The class was Contemporary Fiction 201 and fine maybe I did choose to teach more female writers, but I was a female writer and I was also pissed off at how underrepresented we were everywhere else.
“It should just be balanced,” he said. “Don’t you agree?” His wavy, hay-blonde hair was slicked back. On the beach it had been loose, flying as he ran to spike the volleyball . I remember thinking that day the exact color of his hair was something that sonnets could be written about. Of course, I’d had more than my share of Mike’s Hard Lemonade so I was feeling poetic—a scary proposition for any fiction writer.
“If there were more men, would you tell me to add more women?” I asked. I wished when he’d given me the syllabus for the class that I was a teaching assistant for I could have told him to make it more balanced.
It was dripping with penises, a Christmas tree adorned with saggy-members instead of garland: Hemmingway, Fitzgerald, Joyce, and Faulkner just to name a few. It was a semantic sausage-fest.

Without even meaning to, I could feel my book turning into the battle cry I believe many women writers and would-be writers feel. I am not less important or valid than you for being a woman, or writing stories that women and young women want to read.

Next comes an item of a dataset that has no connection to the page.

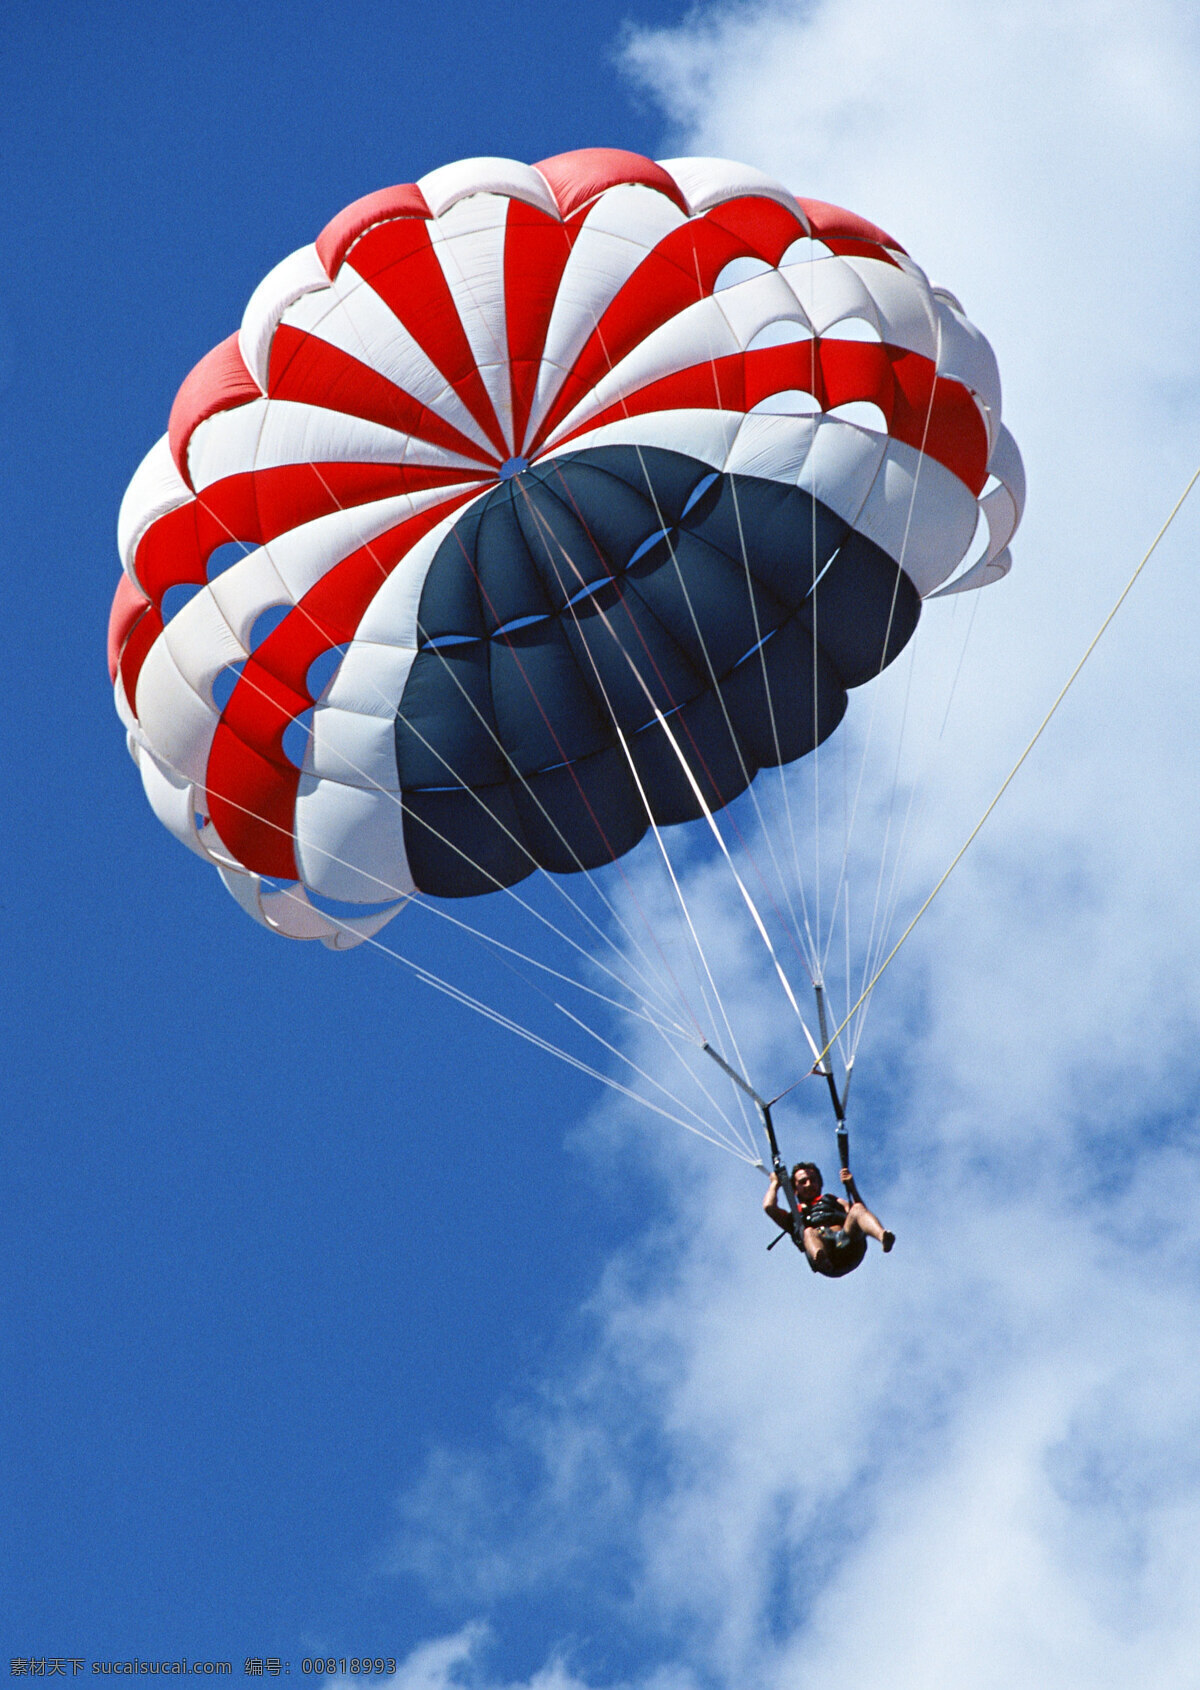 降落伞 跳伞 体育运动 蓝天 白云 文体艺术 生活百科 体育用品
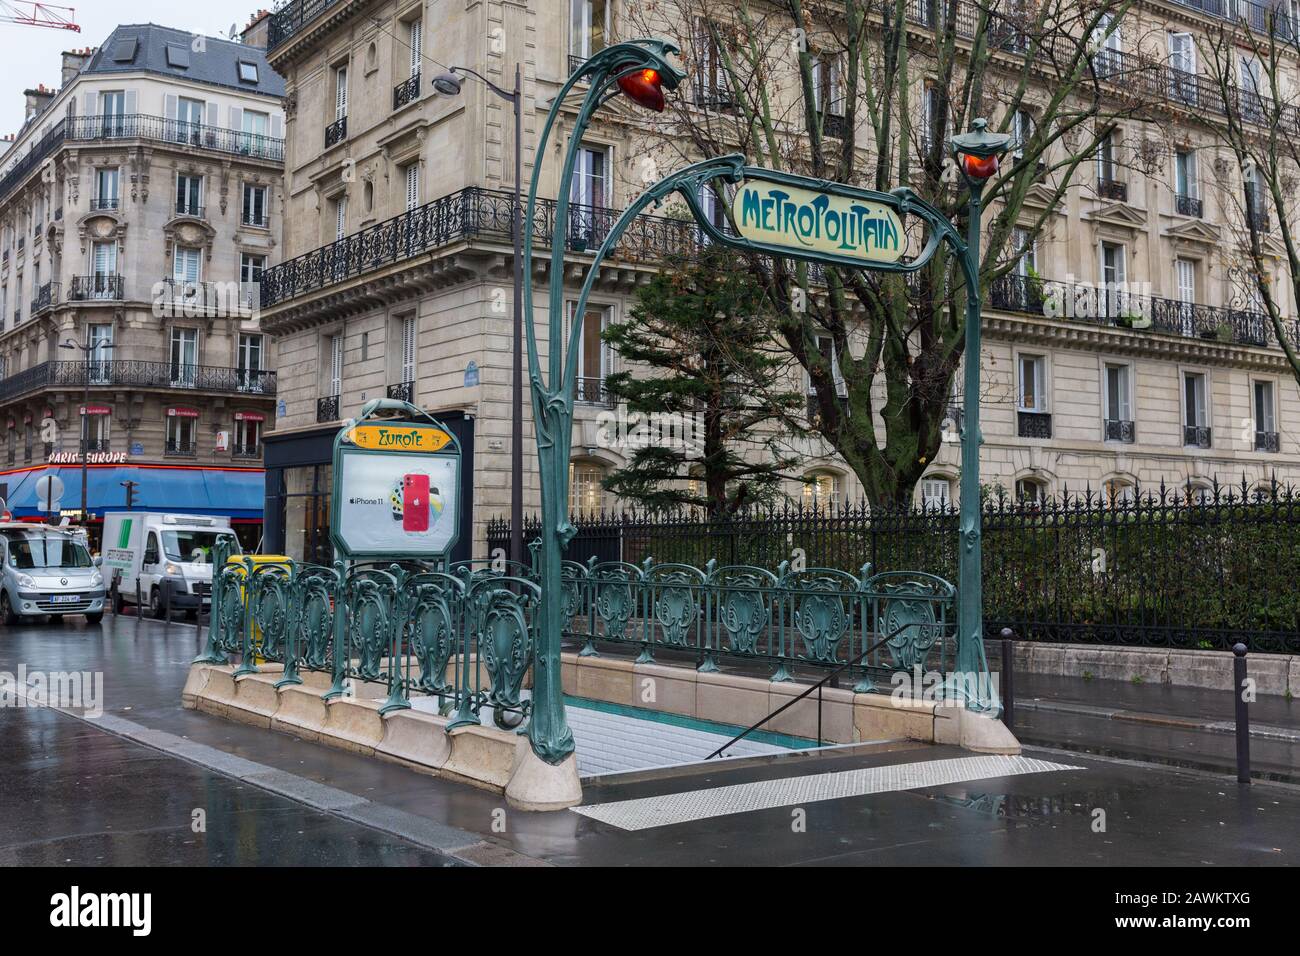 Eingang zum Metropolitain - Pariser U-Bahn-/U-Bahn-System. Die Gestaltung des Geländer um das Tor und das Schild oben wird Jugendstil genannt. Stockfoto

The only reason I could be writing this was because even if it wasn't as overt as what Mr. Gilmour said, it was something I experienced. Something it seems women in writing programs still are.
I hope when Sneaking Candy comes out in December professors like Mr. Gimour might see that there is a problem in what and who is taught in writing programs, that a change needs to come, but probably not because I am a woman.

2 comments:

  1. Love this post! I wouldn't be surprised if an avalanche of comments follows.

    ReplyDelete
  2. Great post. Sexism is still rampant in many parts of society, it's just better hidden in most cases. Gilmour's statement wouldn't be so awful if there was a female professor at the same school who said the same thing about men - and had an all-female reading list. If there was, no doubt she'd have a faculty advisor who would tell her to be more balanced...just like the MC in your excerpt. Apparently, balancing is only applicable in one direction.